The primary issue in this problem is regard in determining the effects of loss or damage To the asset. It is usually stipulated in the agreement that the lessee will be provided with a copy of the policy and he will observe the conditions of the policy. If the asset is destroyed and there is a lack observance of the conditions of the takaful policy that has barred the lessor from recovery, the lessee is held liable. If the claim paid by the takaful company is less than the loss incurred by the Islamic bank, the remainder of the loss cannot be charged to the lessee and the bank itself should bear the loss.

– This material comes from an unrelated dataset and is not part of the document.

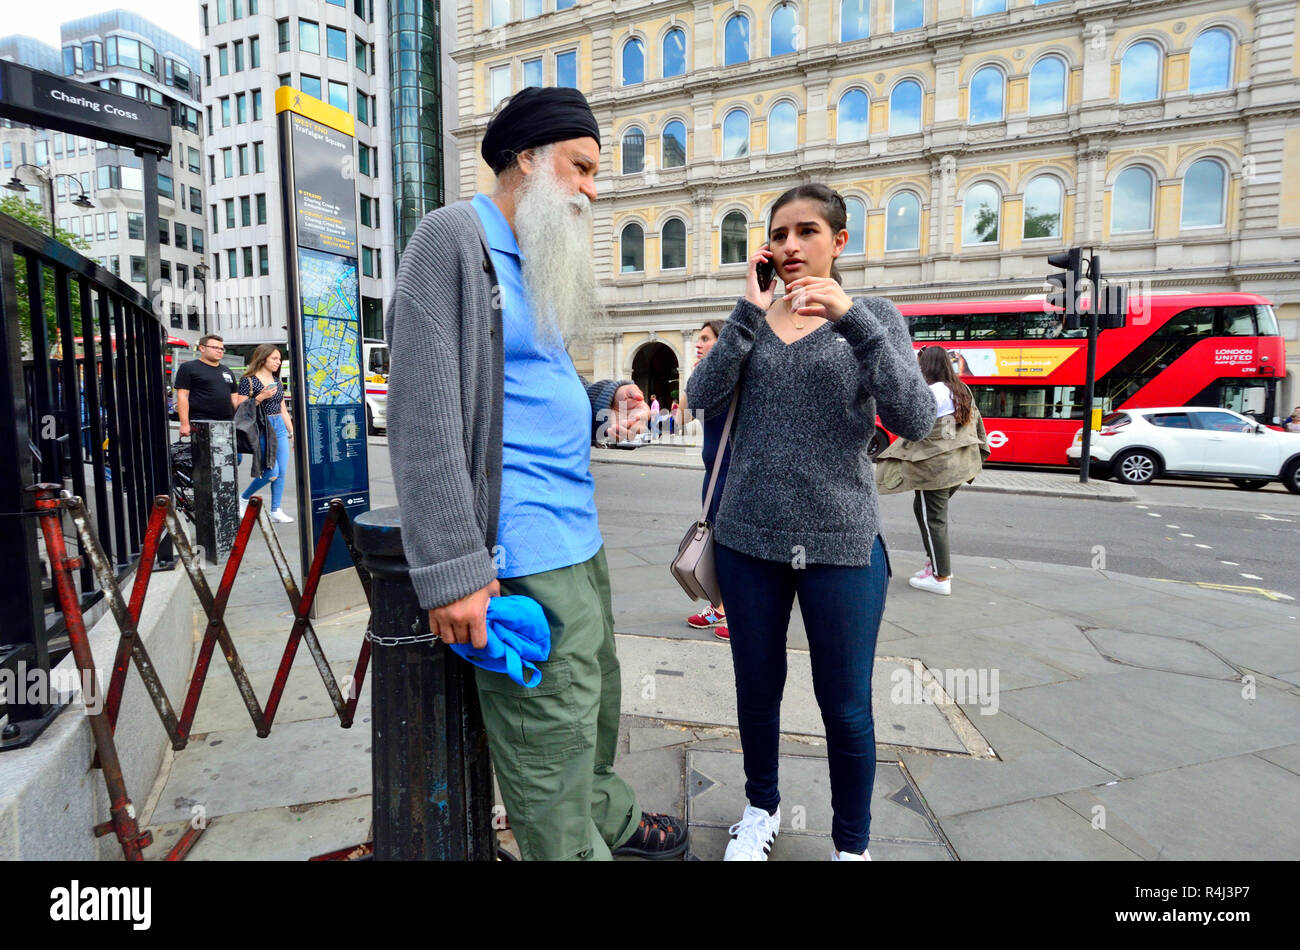 Young Asian woman on her mobile phone in Trafalgar Square, with an older man (father?) London, England, UK. Stock Photo

iv. The lessee may use the asset carelessly, requiring the bank to bear major maintenance expenditure.
A trust receipt should be obtained from the customer to bind him to use the asset as a trustee. It may be mentioned in the trust receipt that loss due to negligence of the customer shall be borne by the customer himself. If the leased asset is damaged to the extent that it is no more able to give usufruct, the contract of ijarah is terminated. Similarly in the case of an impediment to achieving the normally expected objective of the contract, the lessee can terminate the contract. In this situation, the parties may adjust the rental to avoid injustice to the lessee, keeping in mind the partial damage to the asset and possibility of beneficial use. If an unidentified unit of asset is leased, the contract will not terminate and the lessor will be required to replace it with another asset of the agreed specifications.
If the leased asset is totally destroyed, the ijarah contract concluded on a identified asset is terminated. The leased asset is held by the lessess in a fiduciary capacity on behalf of the lessor , he will be held liable for any damage or destruction of the leased asset due to misconduct or negligence.
v. Sale of asset at maturity the customer may not buy.
Only those assets should be leased that have sufficient resale value that the bank could sell them in the market. Alternatively, a separate promise to purchase at the end of the lease term can be obtained from the customer. The client can conveys his requirement and enters into MOU for stipulating the overall structure of the deal. The bank can takes an undertaking from the lessee along with some earnest money(Hamish Jiddiyah) to ensure that the client is serious in his dealing and will take the asset on lesser when purchased by the bank.